Exercise directions
Write the listing below out again word for word, without a single picture.

Data extract
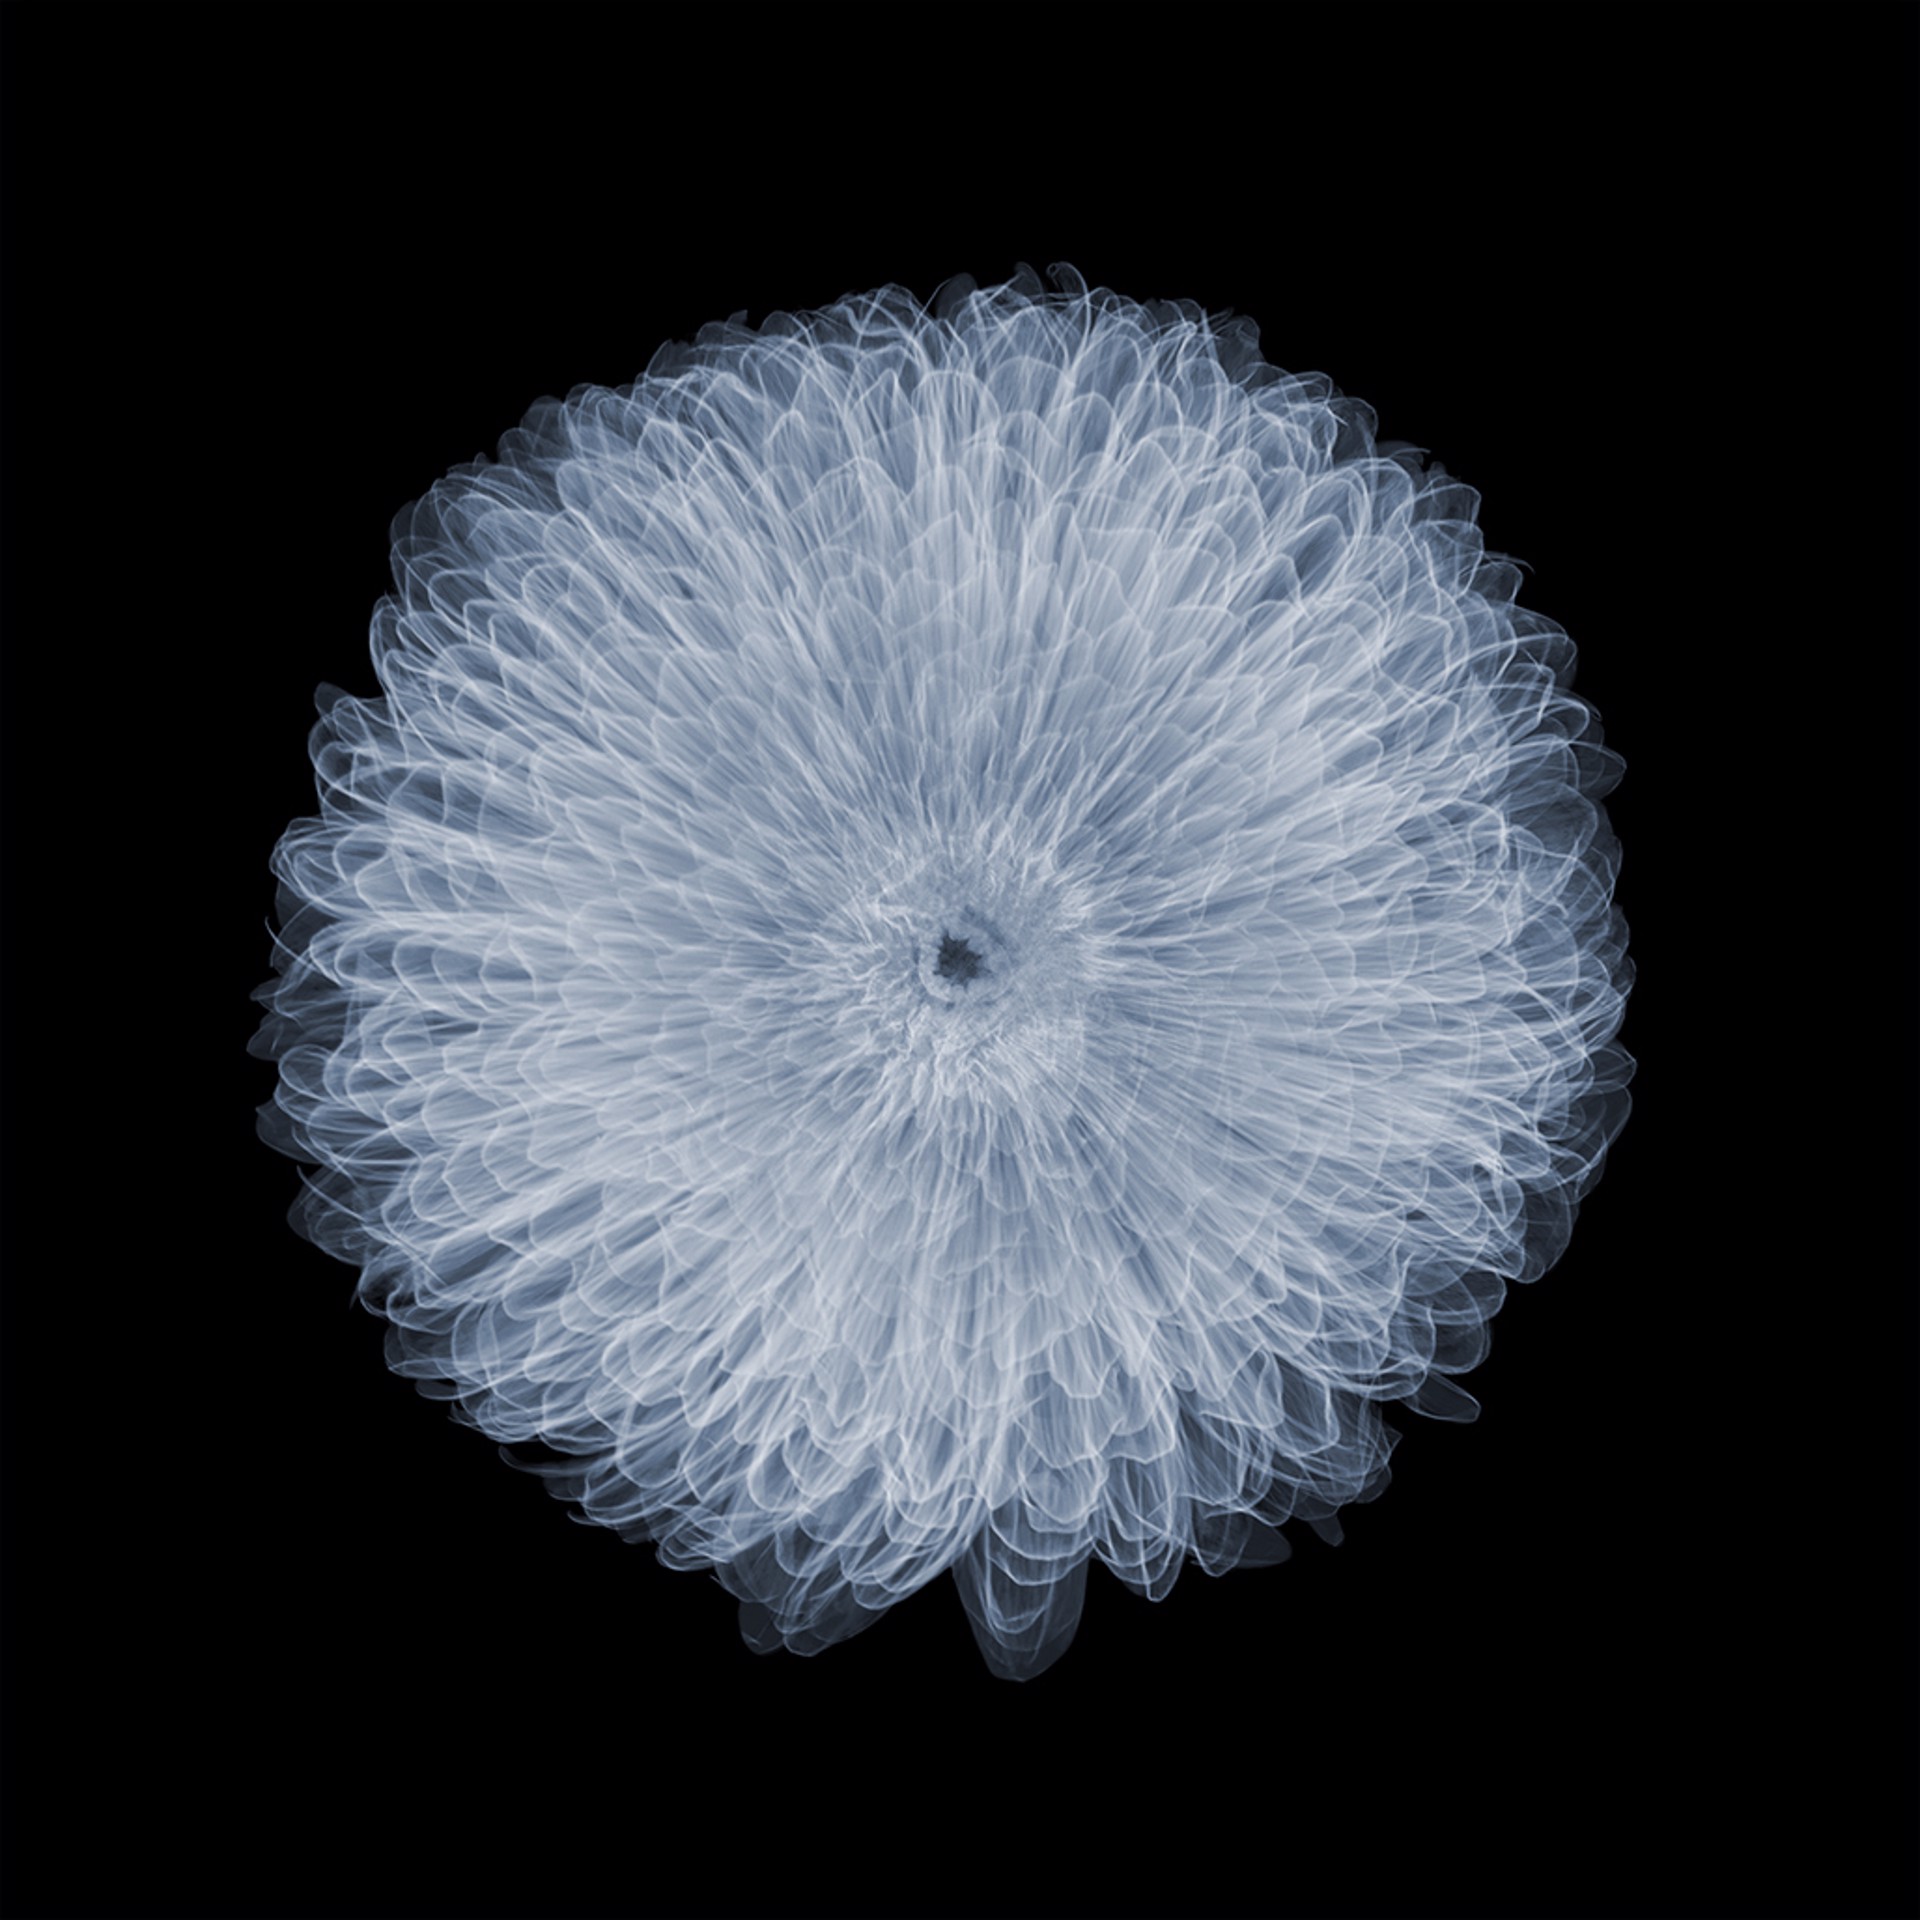 Chrysanthemum by Nick Veasey
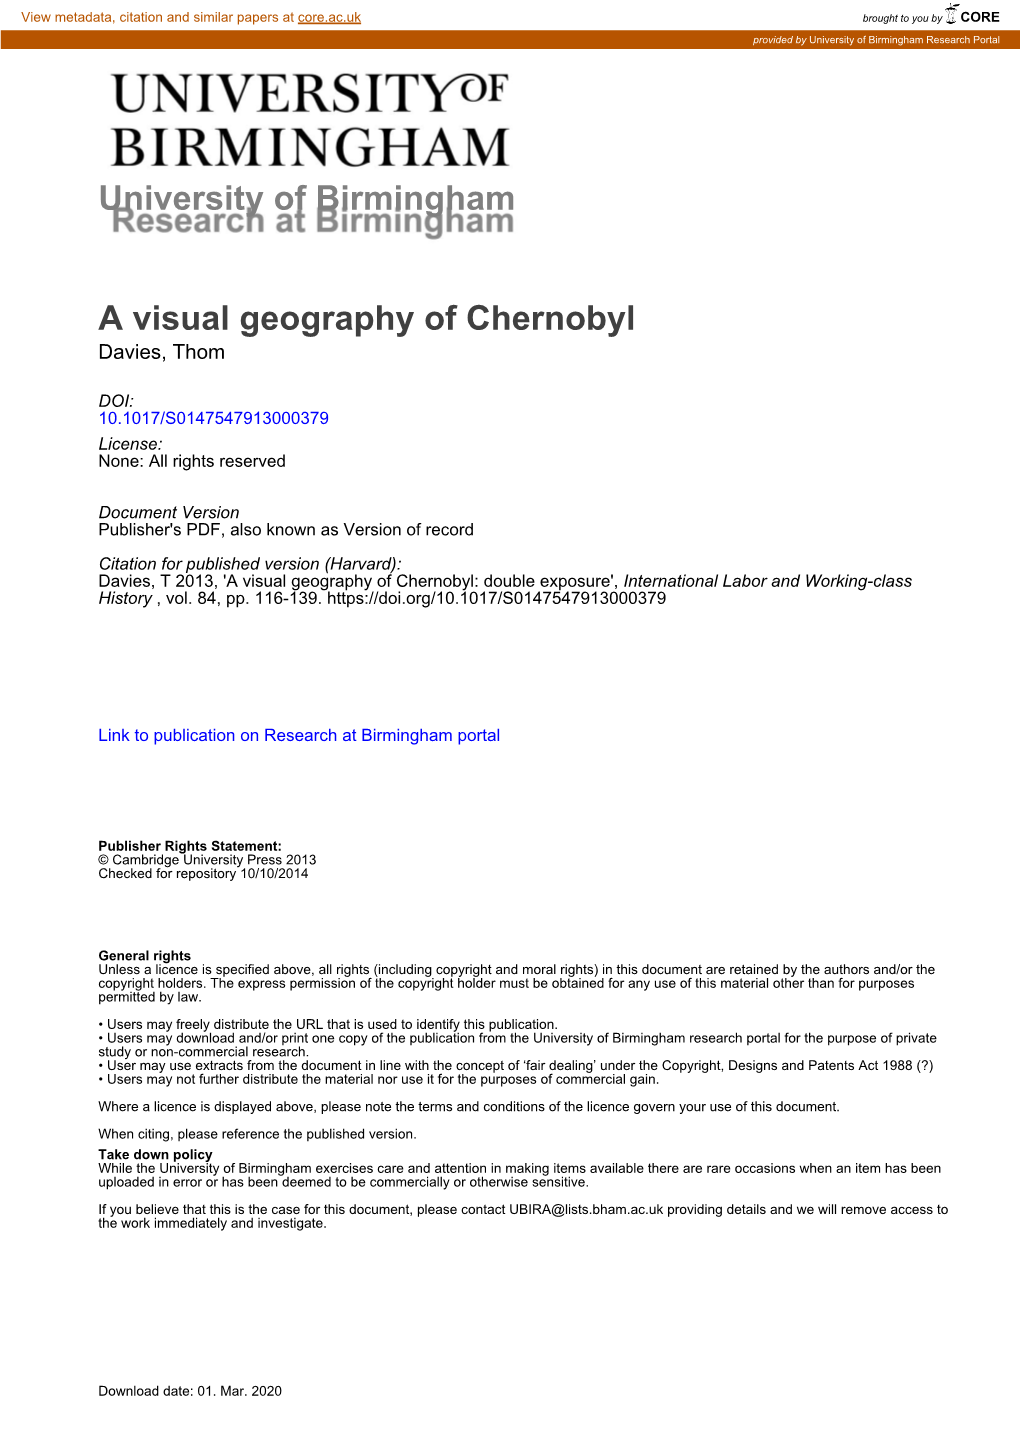 University of Birmingham a Visual Geography of Chernobyl
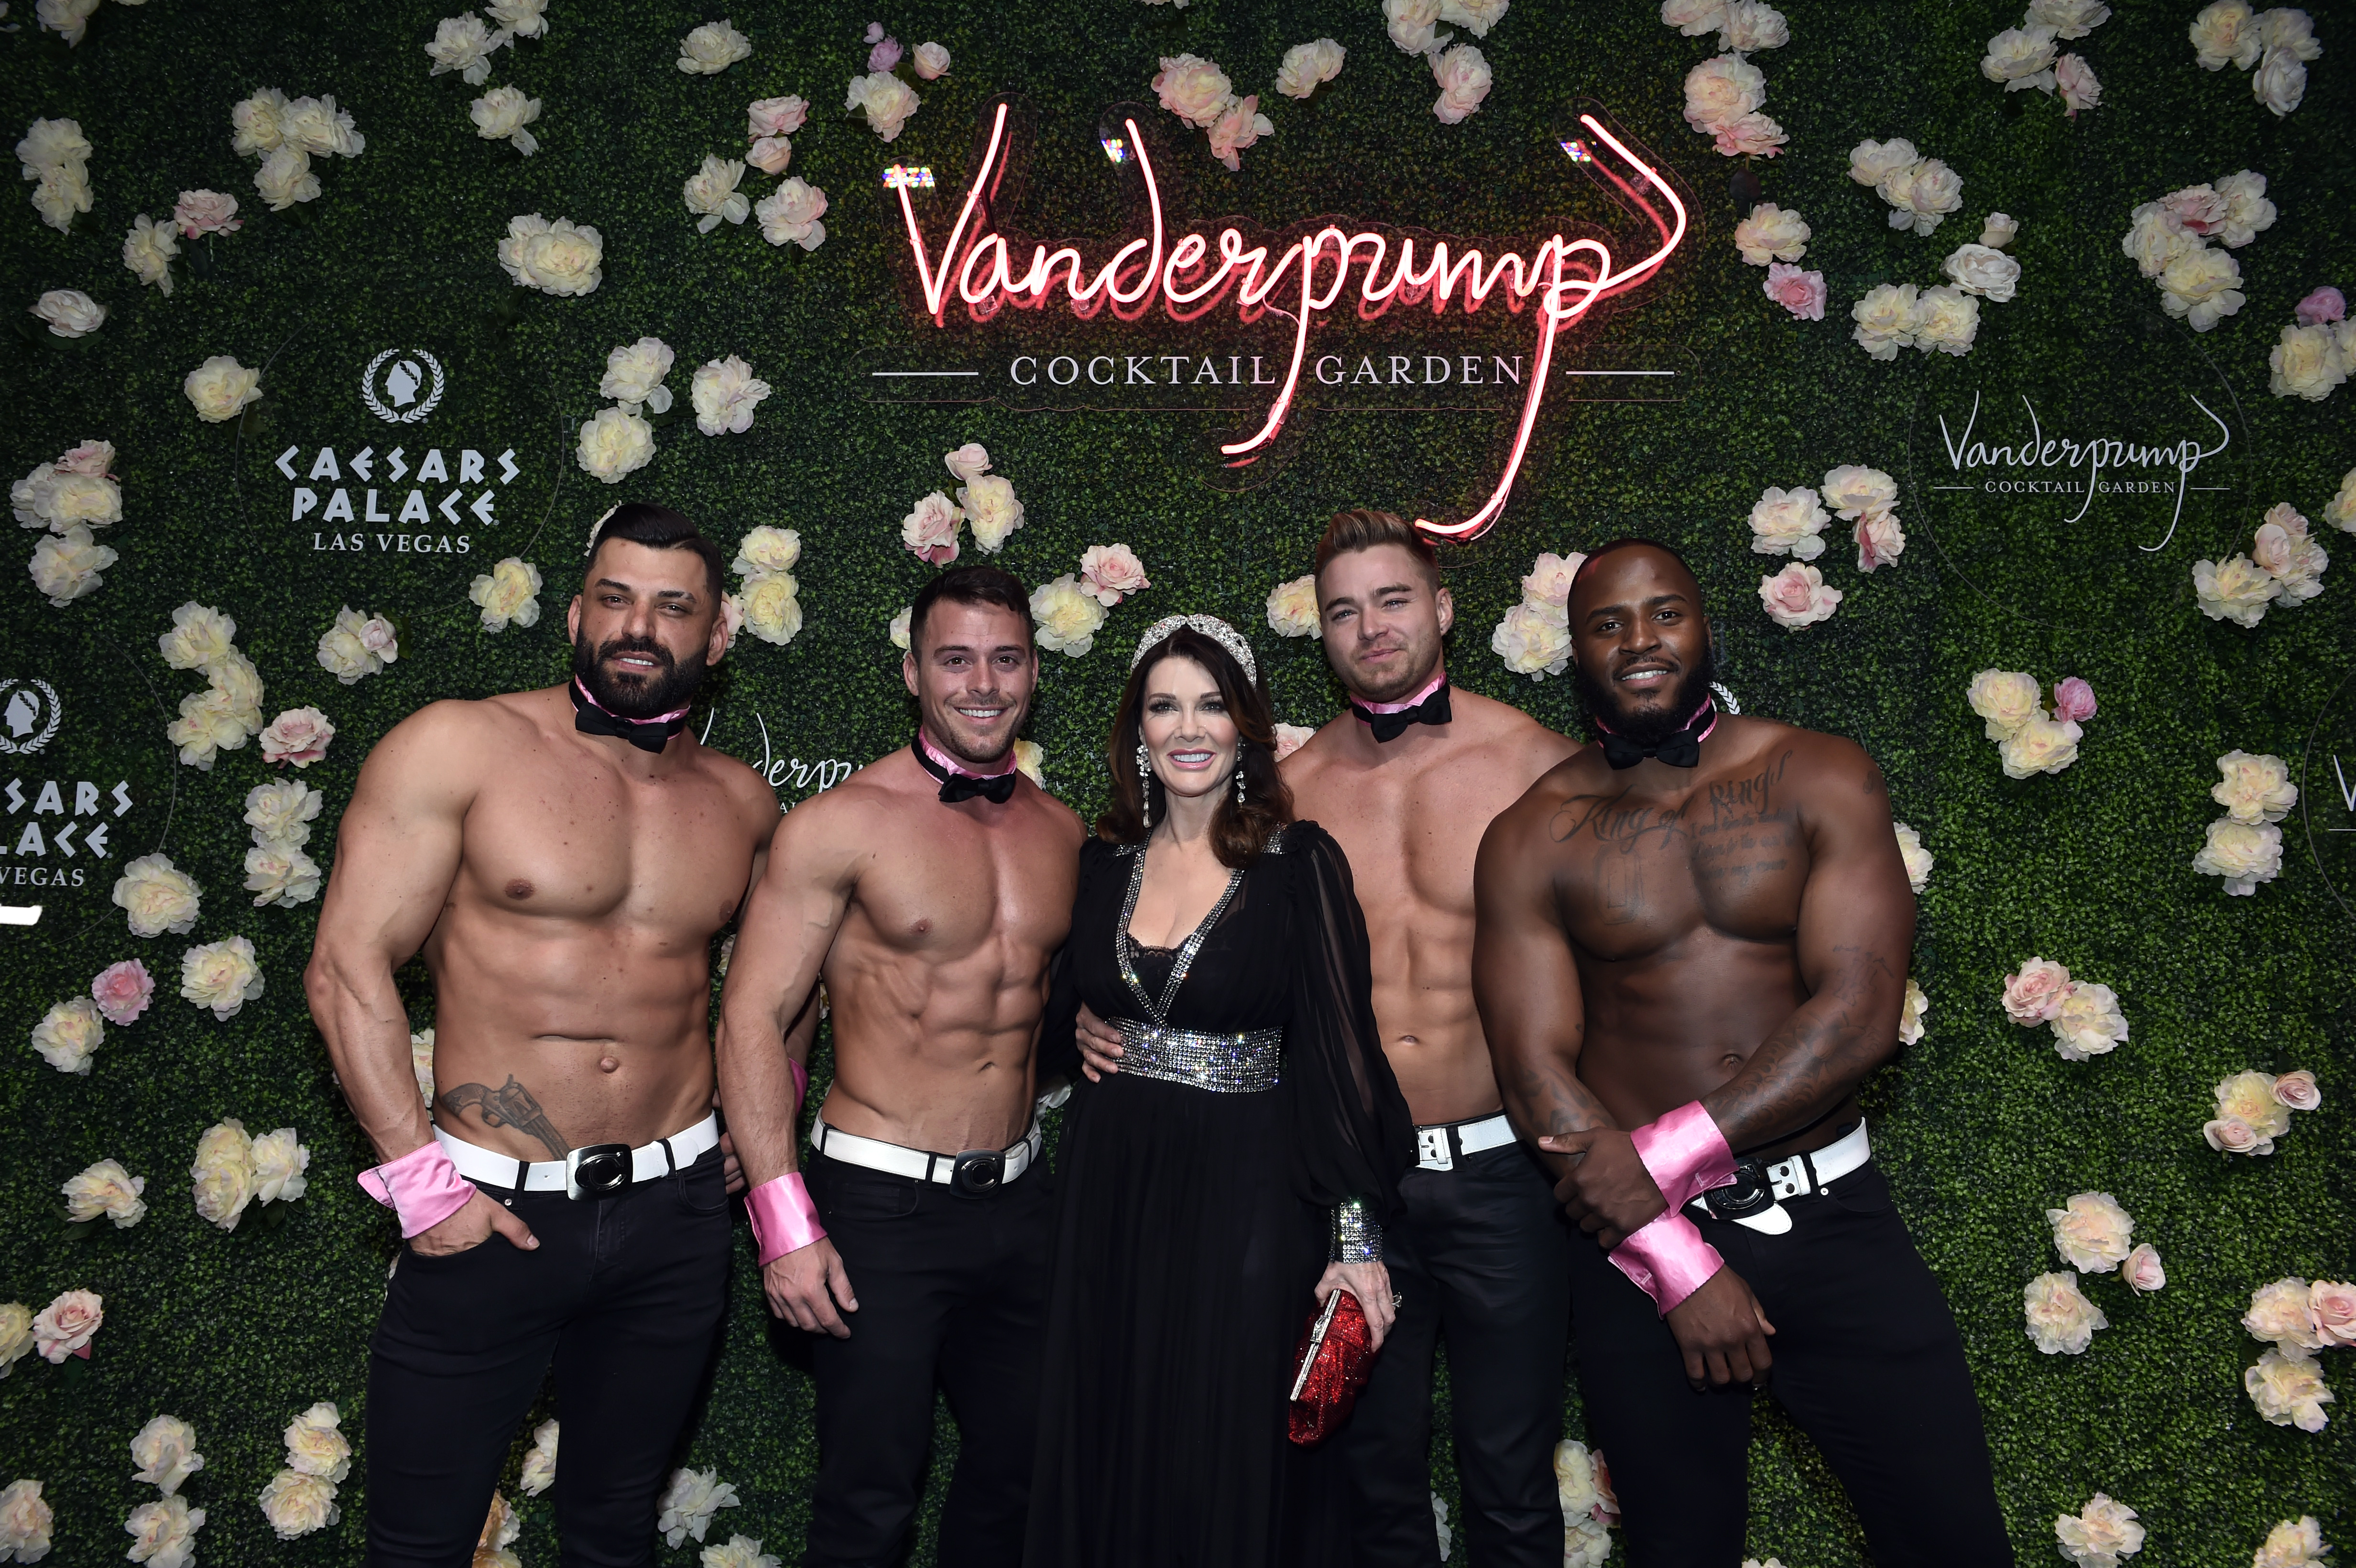 Lisa Vanderpump And Rules Co-Stars Open Cocktail Garden

Reply to the task
 Chrysanthemum by Nick Veasey
 University of Birmingham a Visual Geography of Chernobyl
 Lisa Vanderpump And Rules Co-Stars Open Cocktail Garden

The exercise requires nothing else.